[WORK TO COMPLETE]: Leaving the pictures aside, repeat every line below exactly.

[RECORDED INFORMATION]:
-- Opening Marker --

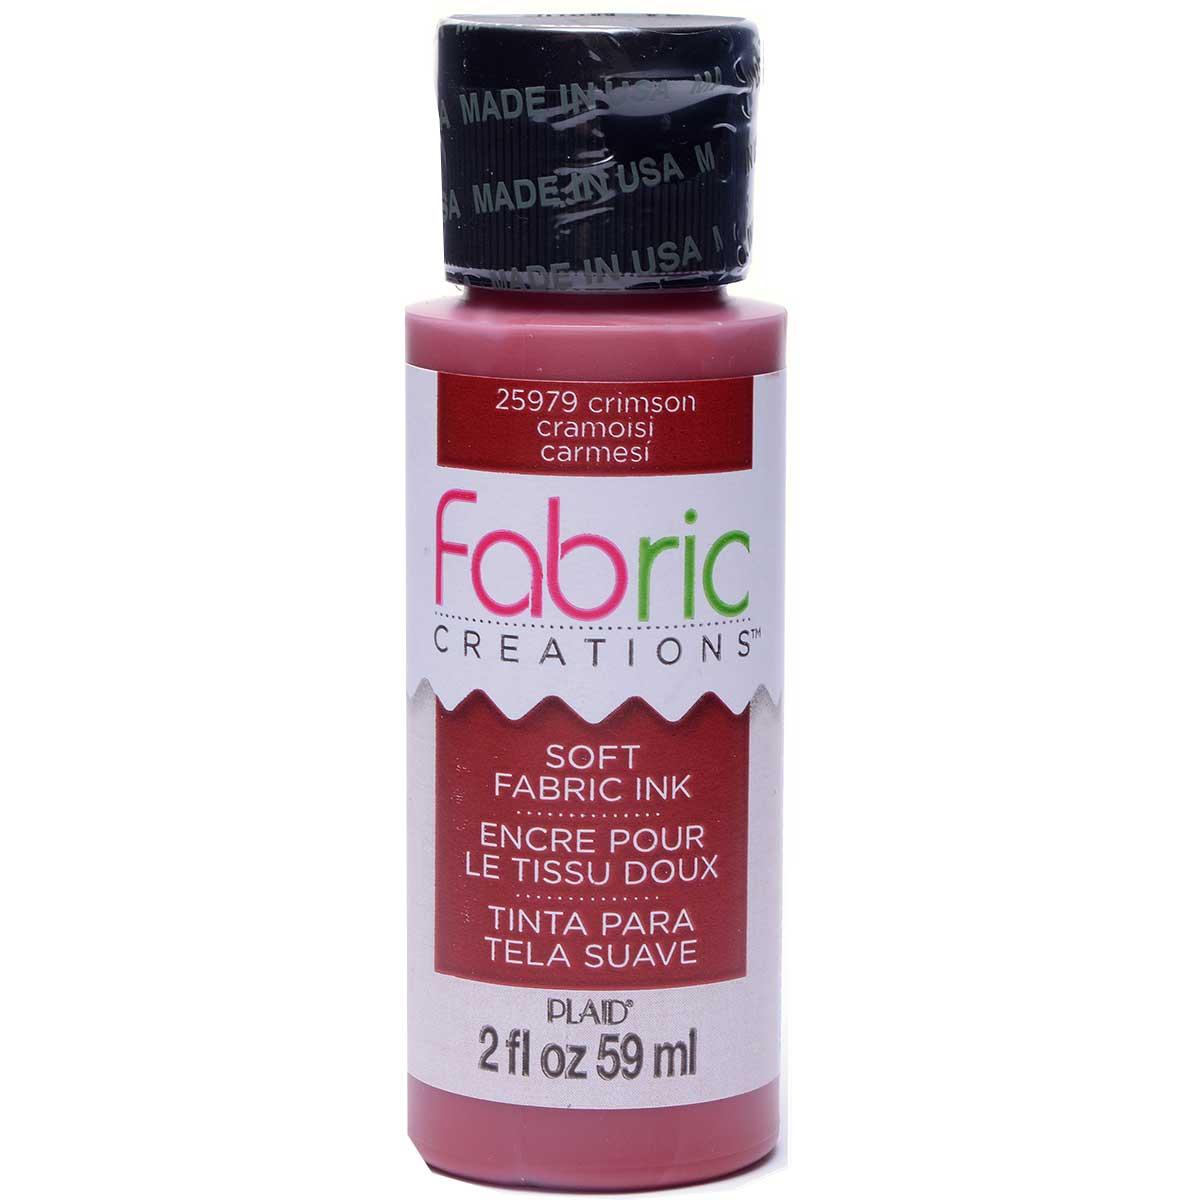 Fabric Creations™ Soft Fabric Inks - Crimson, 2 oz.
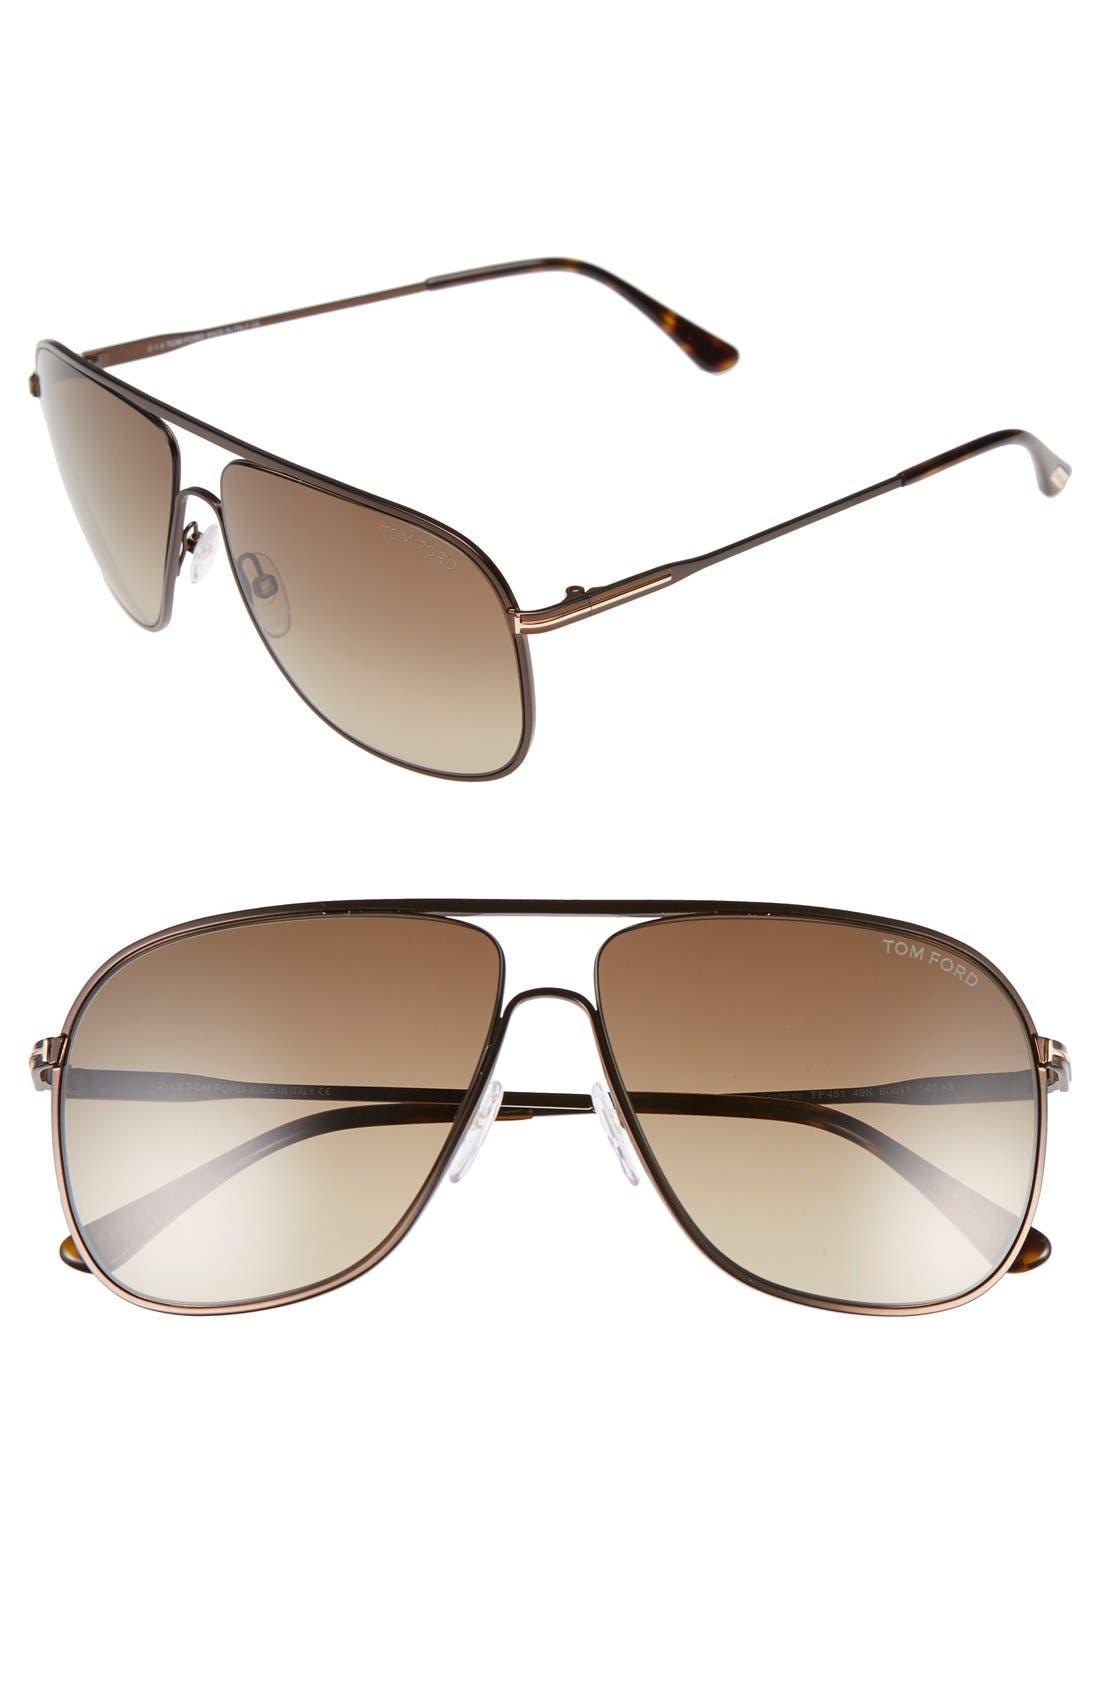 Tom Ford 60mm Matte Aviator Sunglasses
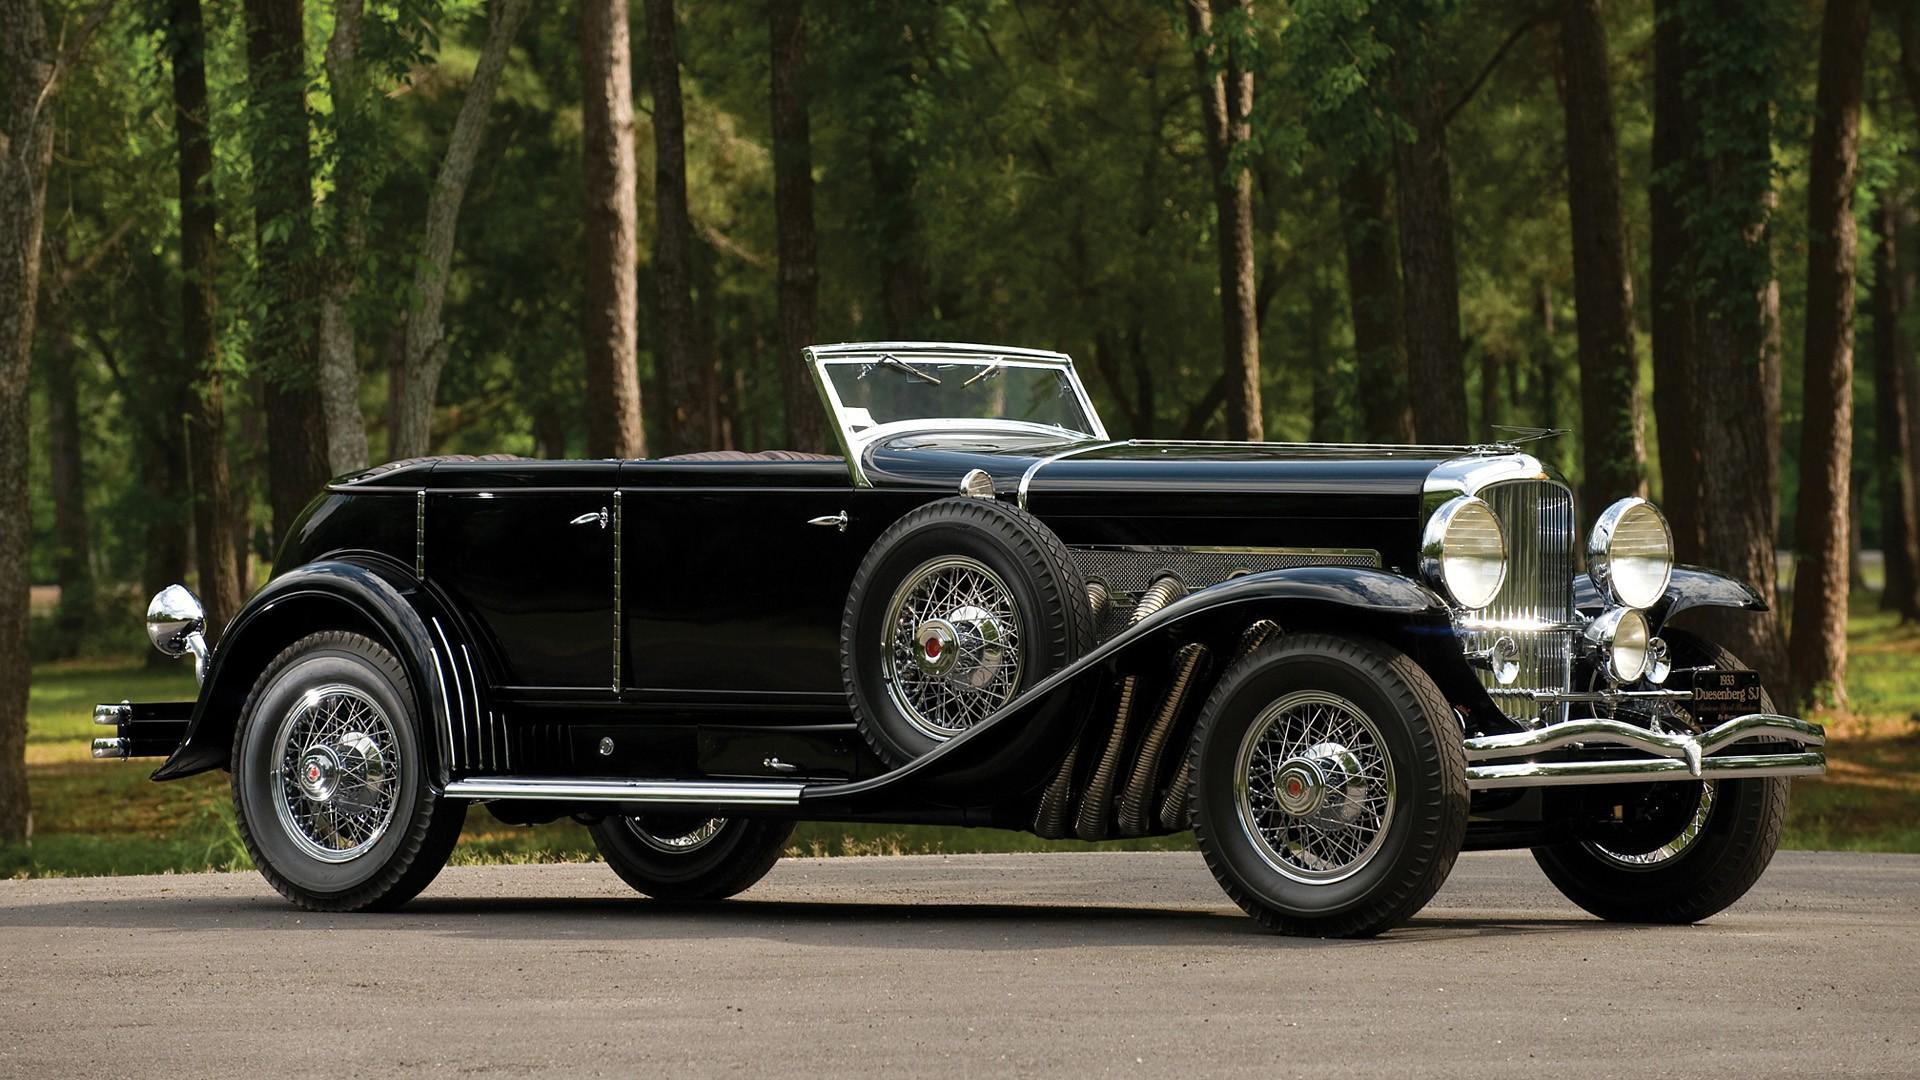 duesenberg vintage car wallpapers - photo #2

-- Closing Marker --

[RESULT]:
 Fabric Creations™ Soft Fabric Inks - Crimson, 2 oz.
 Tom Ford 60mm Matte Aviator Sunglasses
 duesenberg vintage car wallpapers - photo #2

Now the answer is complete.